Farther up on the ridge, a group of men are sitting beneath a tree eating lunch. They have introduced miniature folding chairs, beef jerky and tangerines, which they provide all-around. Lee Jun-gyu, a video clip editor, aims to climb as a lot of peaks as possible in the Paektu mountain array that runs by the Koreas like a backbone. “Hiking the array is certain up with my hopes for reunification,” he says.
As the afternoon wears on and the wind picks up, it results in being crystal clear that the approach to get to the peak was certainly overambitious for quite a few of Mr Park’s passengers. Possessing turned all around at numerous points together the ridge, they trickle back again down the mountain in the waning gentle. Your correspondent phone calls time on her ascent at a jagged rock about halfway to the peak (she afterwards returned to conquer it). She catches a glimpse of the sea, the dome of an observatory and what glimpse like radio towers—a reminder of the other Korea just a number of miles to the north. On the way down, the sweeping sights are obscured by fog. She stumbles down the last established of stairs to the vehicle park as darkness falls.
A extensive, chilly hour later, Mr Park’s bus appears, carrying the hardy souls who managed to rush all the way to the leading of the mountain.
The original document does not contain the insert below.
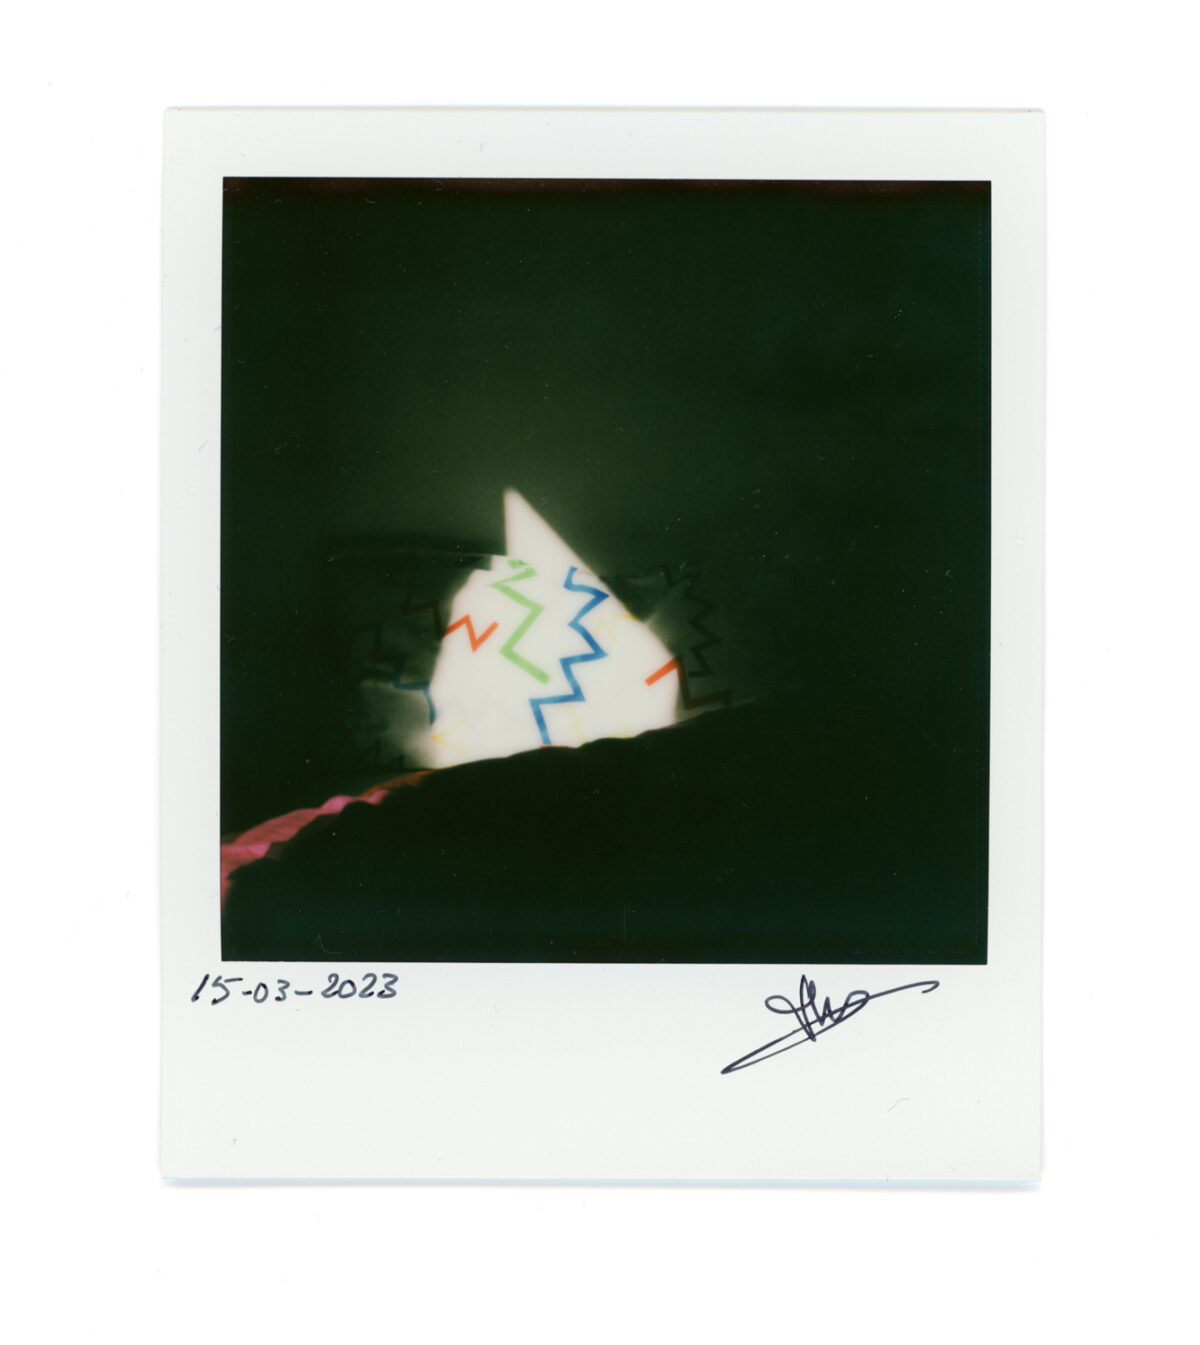 Polaroid-15032023

On the way back to Seoul the temper is jolly, assisted together by swigs of makgeolli, a local rice wine that some hikers are sipping surreptitiously. When a suspicious whiff of orange peel starts to mingle with the odor of sweaty boots, Ms Kim intervenes: “Stop eating, and set your masks back again on.”
A typical working day on a South Korean mountain finishes substantially like a standard day at a South Korean office environment: with a bleary-eyed late-evening subway trip. But Ms Go is right: the head feels obvious, and the heart remarkably open. ■
This write-up appeared in the Christmas Specials area of the print version under the headline “Race to the top”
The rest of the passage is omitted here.